▸ **RECORDED INFORMATION**:
*** Begin section ***
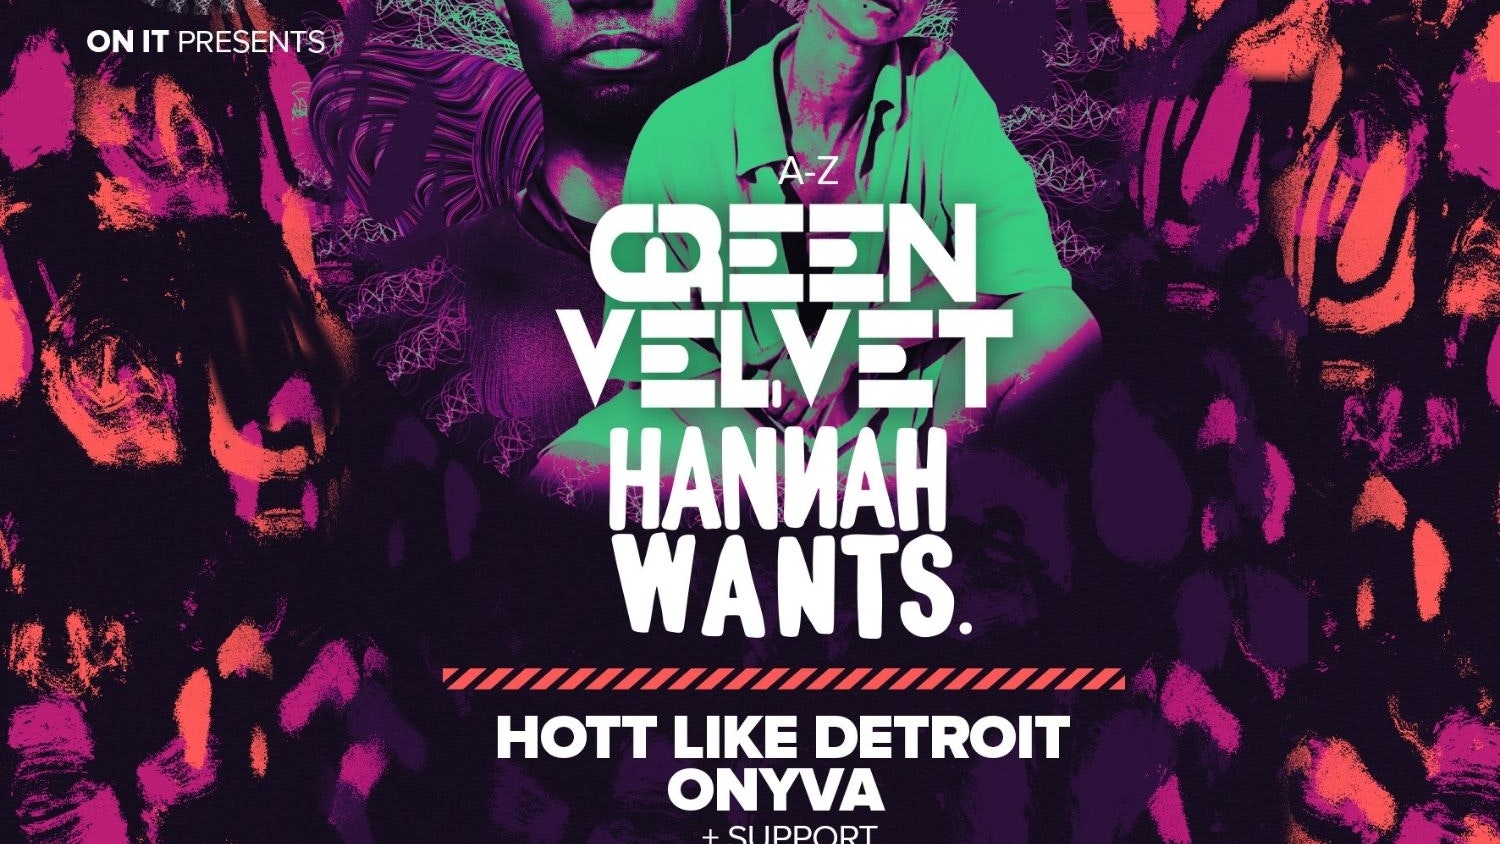 ON IT Presents Green Velvet & Hannah Wants @ The Hangar, Wolverhampton
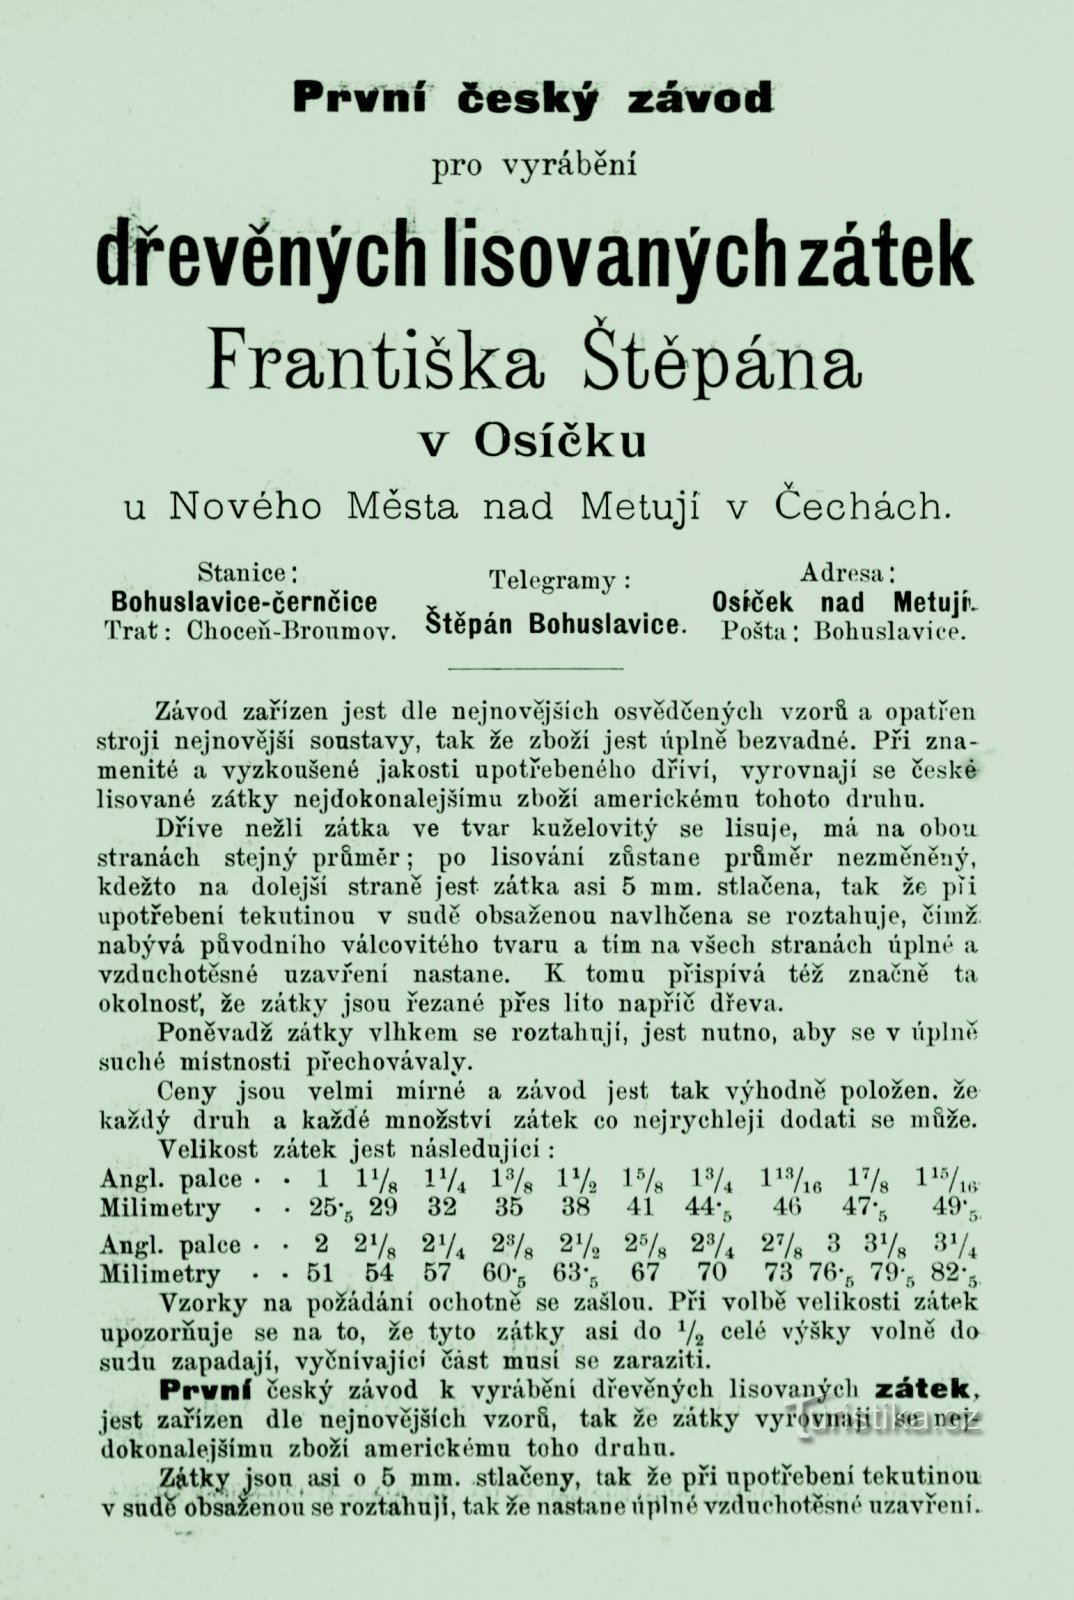 Period advertisement of miller František Štěpán from 1893
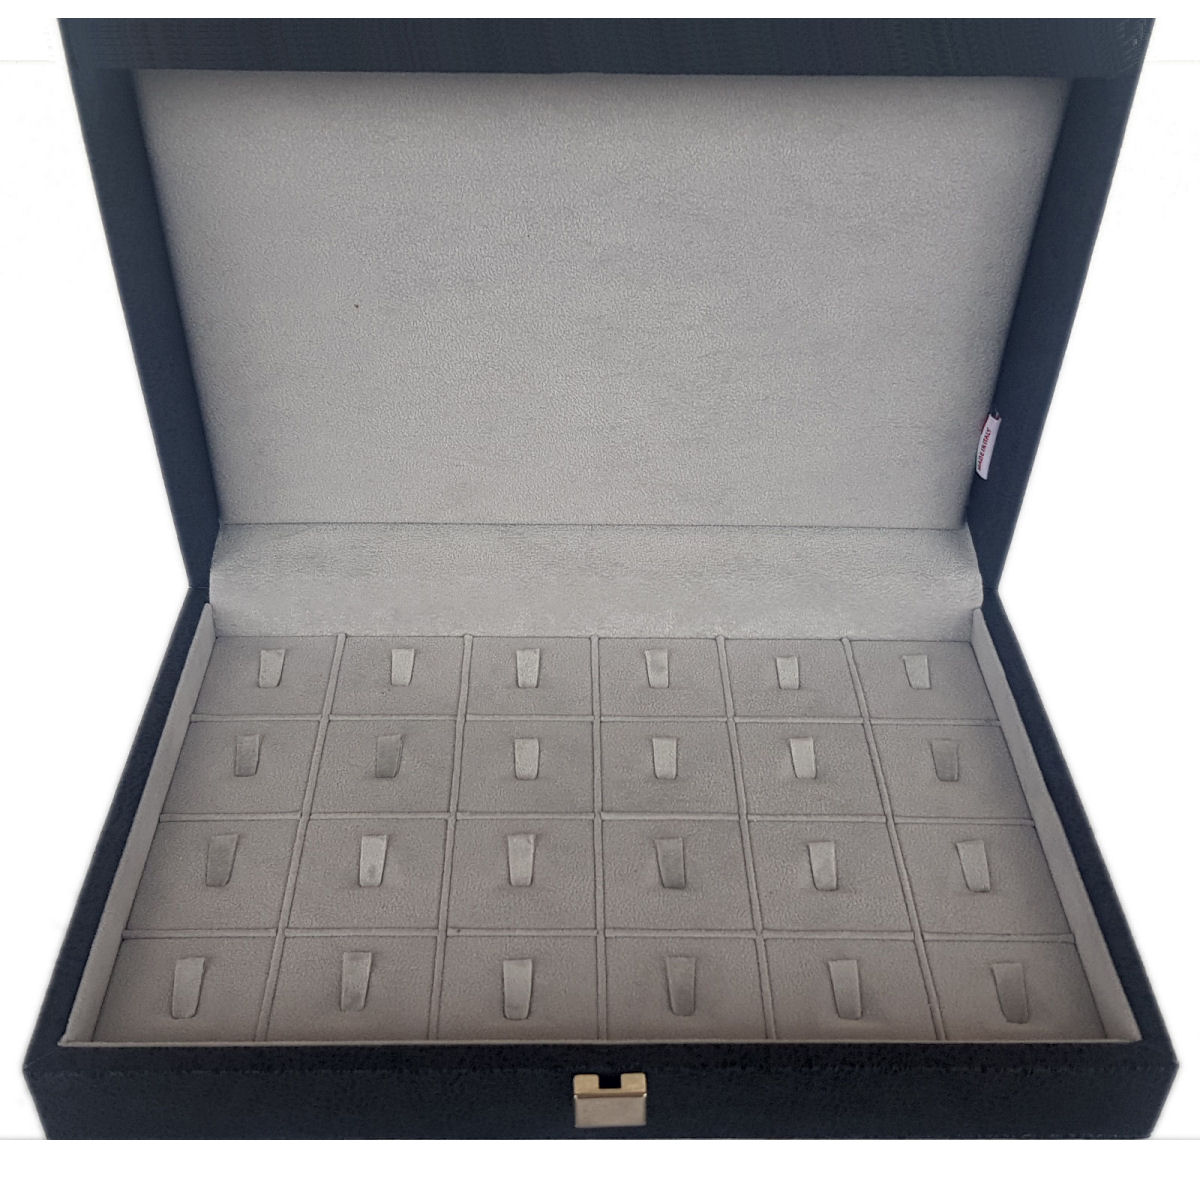 Igrometro analogico per scatole porta sigari 37mm
*** End section ***
▸ **TASK INSTRUCTIONS**:
Omit the pictures and give the material again, exactly and in full.

▸ **ANSWER SECTION**:
 ON IT Presents Green Velvet & Hannah Wants @ The Hangar, Wolverhampton
 Period advertisement of miller František Štěpán from 1893
 Igrometro analogico per scatole porta sigari 37mm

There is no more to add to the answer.